In this paper, two sets of experiments were conducted. (1) To verify the performance of the proposed model’s dual-channel structure, ablation experiments were implemented, and the experimental results showed that the dual-channel structure was able to obtain richer, more diverse features, and more accurate forecasting results were achieved. (2) To verify the comprehensive performance of the proposed model, model comparison experiments were conducted, and the forecasting results of the proposed model were compared with those of the current dominant and superior performance of the stacked CNN, and the hybrid CNN_LSTM. CNN and hybrid CNN_LSTM. The experimental results showed that the proposed model obtained significant accuracy improvement. The data flow and parameter settings of the proposed model and the baseline model are shown in Figure 7. All parameters were optimally set by trial and error.

First, ablation experiments were conducted. The MHA_TCN model for channel 1 took both target sequences and other meteorological sequences as input features, and the TCN model for channel 2 took only the target sequences as input features. Table 2 shows the forecast performance metrics of the proposed model and the 2-branch channel models when forecasting individually under 7 different input window widths (time steps). The best performance metrics of each model for each input window width are marked with corresponding colors. Figure 8 and Figure 9 show the MAE and RMSE of the 3 models for 7 input time steps, respectively. From the above results, it can be seen that the proposed model obtained the best forecasting results for 1 day’s input window width (96 samples), both when compared horizontally (7 window widths), and vertically (3 models). The MAE was 0.906, which was an improvement of 5.2% with respect to the best MAE for the 2 branching channel models, which was 0.956; the RMSE was 1.776, which was 4.6% higher than the best RMSE of the 2-branch model, with 1.861; and the R² was 0.868, which was 0.8% higher than the best R² of the 2-branch model, with 0.861.

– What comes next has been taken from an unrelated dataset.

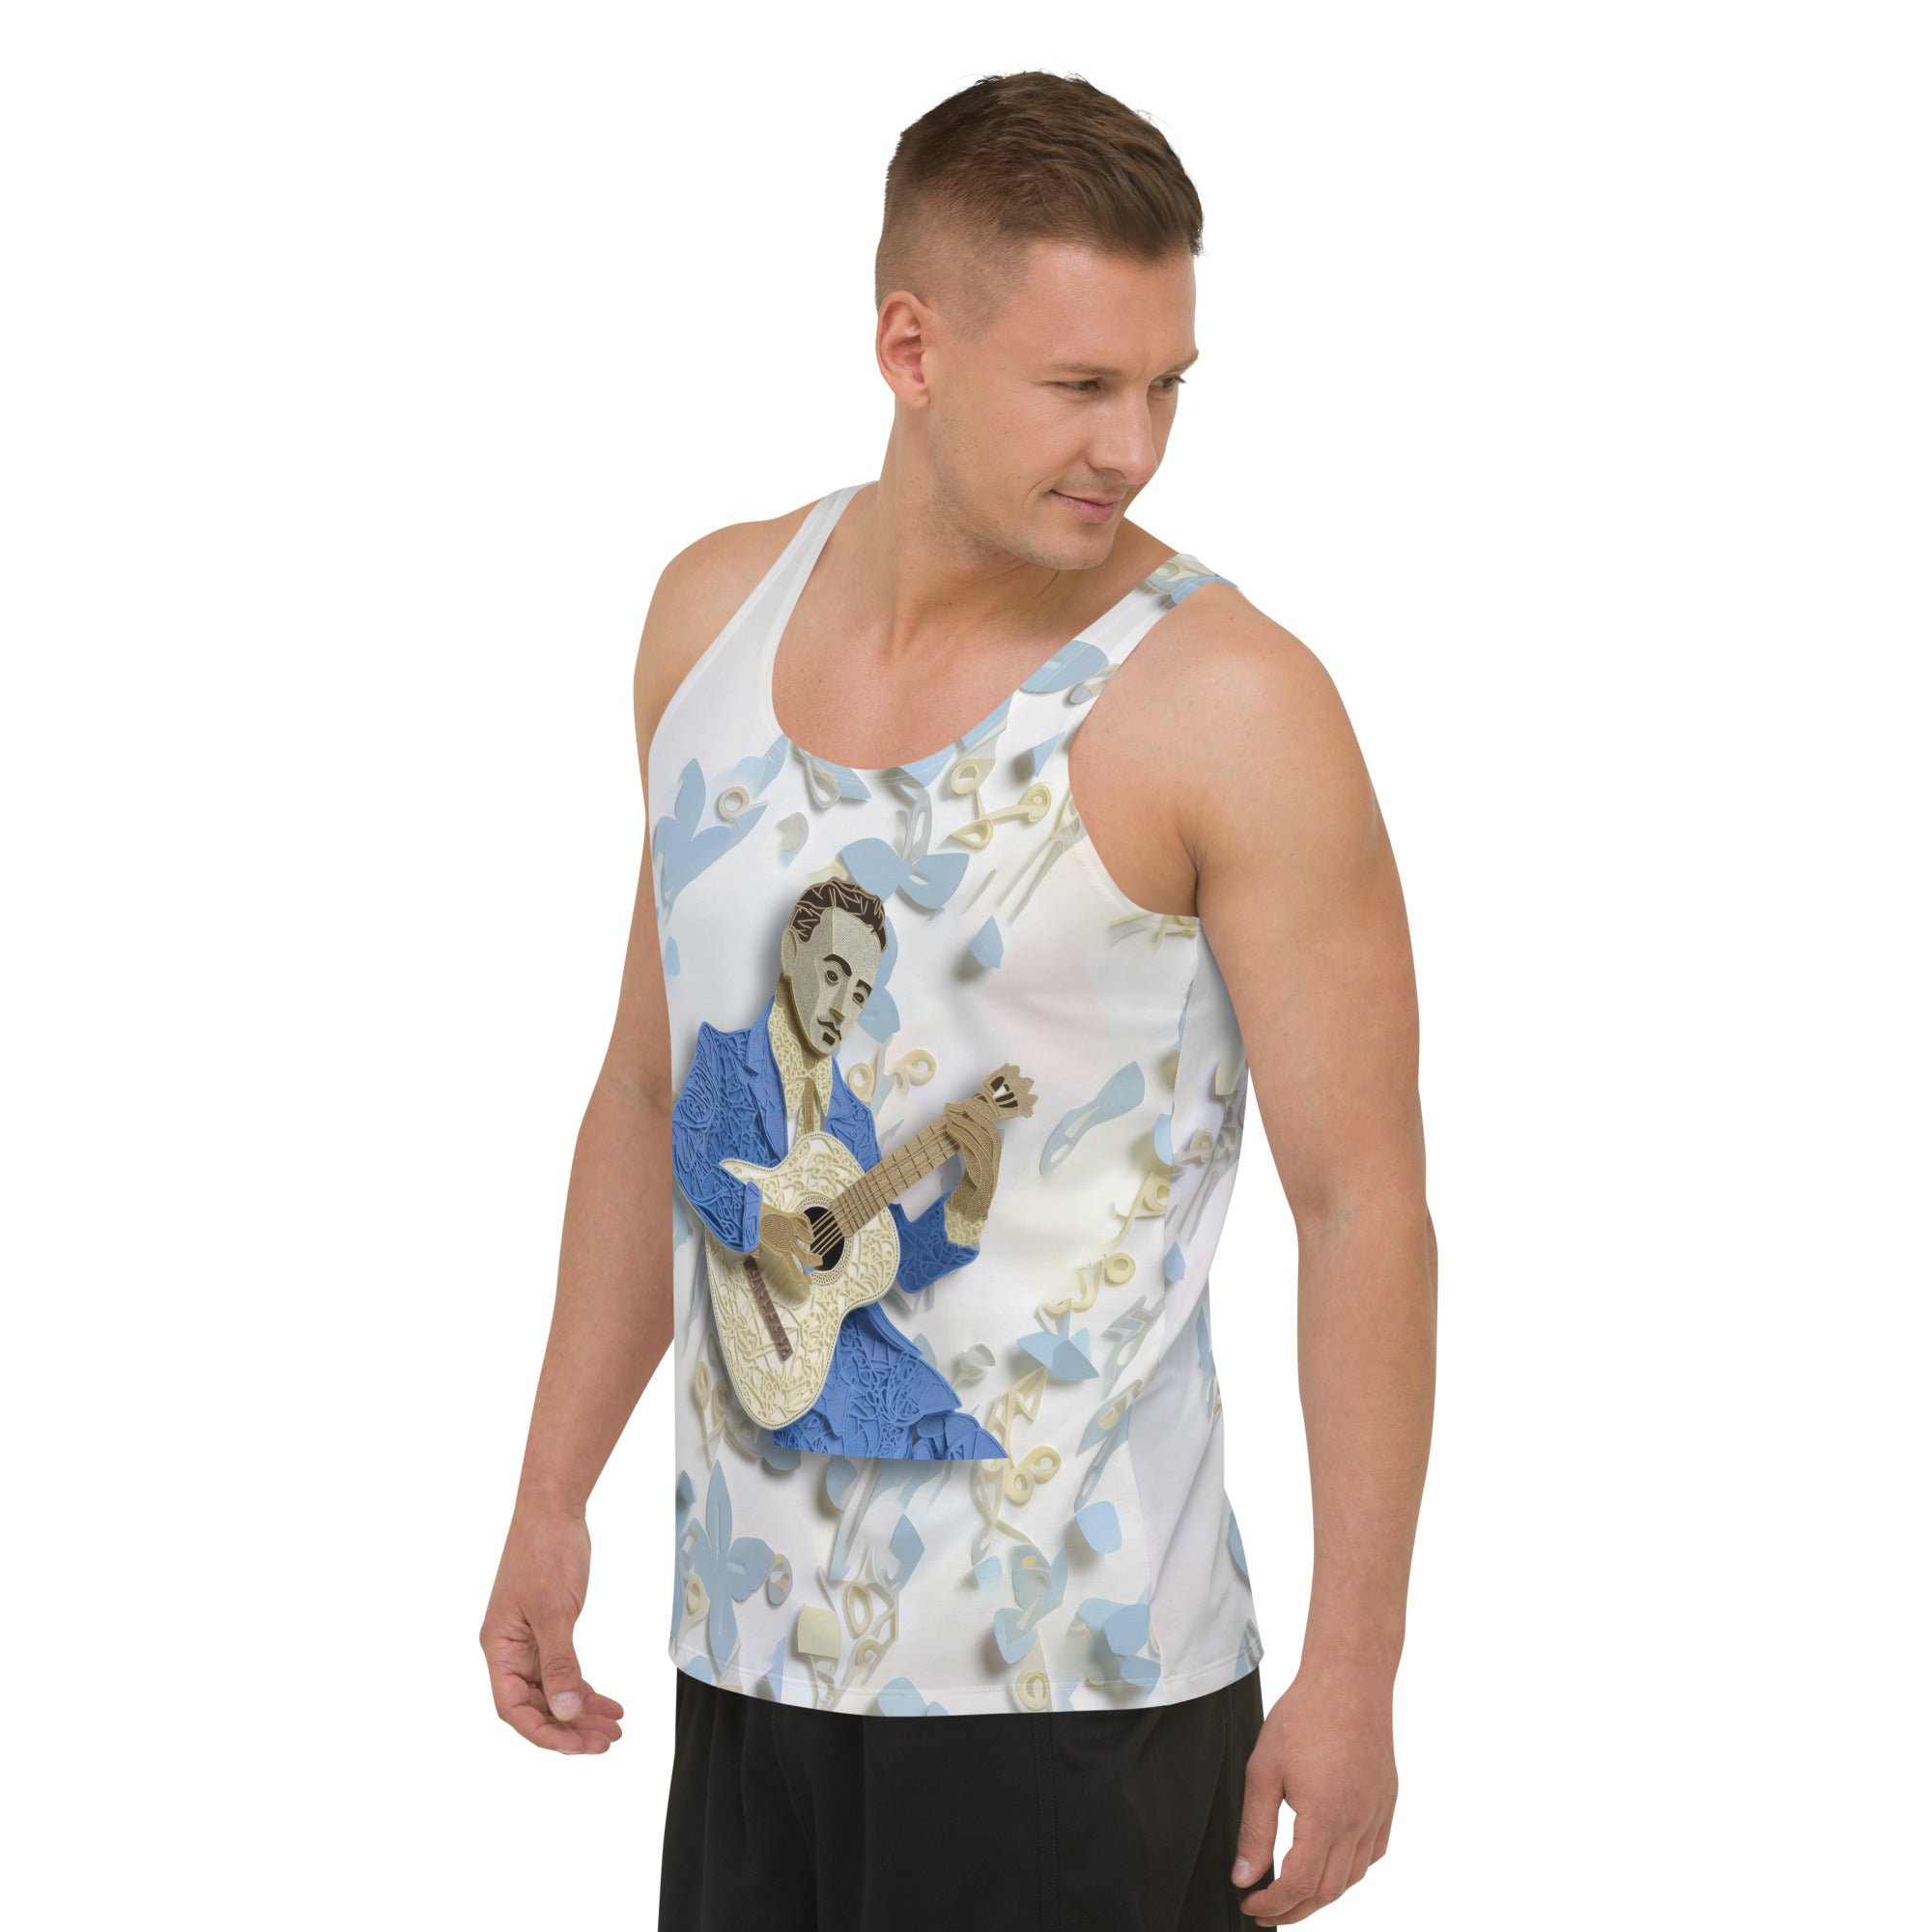 Electro Beat men's tank top front view in athletic style.

Then, experiments comparing the performance with the baseline model were conducted. Table 3 shows the forecasting results of all the models for 7 input window widths. Figure 10 and Figure 11 show the histograms of MAE and RMSE for each model over the 7 input window widths, respectively, from which it can be seen that all models achieved the best forecasting results at an input window width of 1 day (Gray background columns in Table 3). Compared to the other 2 models, the proposed model achieved the best forecasting performance. It can also be seen that for the MAE metric, the performance of the proposed model and CNN showed a decreasing trend with the increase of the input window width, with the proposed model showing the most significant decrease, indicating that the proposed model was relatively sensitive to the window length. The performance of the CNN_LSTM did not show a significant decrease, showing a weaker sensitivity. For the RMSE metrics, similarly, the performance of all 3 models showed a decreasing trend with the increase of input window width, while the CNN_LSTM performance had more ups and downs and showed the worst performance. In order to express the superior performance of the proposed model more finely, Figure 12 demonstrates the percentage accuracy improvement of the proposed model relative to the baseline model when the window length is 1 day: the MAE improved by 5.3% and the RMSE improved by 2.6% compared to the CNN; and the MAE improved by 4.3% and the RMSE improved by 2.9% compared to the CNN_LSTM. The proposed model showed superior forecasting performance. Figure 13 shows the R² of each model, from which it can be seen that the proposed model exhibited the best fit to the data over a 1-day input window length.

In order to demonstrate the forecasting performance of the proposed model more intuitively, Figure 14, Figure 15, Figure 16, Figure 17, Figure 18 and Figure 19 show the curves and scatter plots of the forecast results versus the actual power, for 5 consecutive days under the three weather patterns, respectively. Figure 14 and Figure 15 show the curves and scatter plots under sunny weather patterns. As can be seen from Figure 14, the proposed model exhibited the best fitting performance compared to the baseline model for the majority of the day (power rise and fall phases), while the performance is slightly worse than the baseline model for a small period of time after the power reached its maximum value. The enlarged area of the figure shows that the forecasting curve of the proposed model is closer to the actual power during the power rise phase compared to the other two baseline models, which have more delays; the proposed model is slightly ahead of the baseline model during the power fall phase, while the baseline model’s forecasting was still slightly delayed. Figure 15 shows the corresponding scatter plot of the forecasting results, and it can also be seen from the scatter distribution that the proposed model showed the optimal forecasting performance throughout the forecasting time period, and only performed poorly near the power maximum.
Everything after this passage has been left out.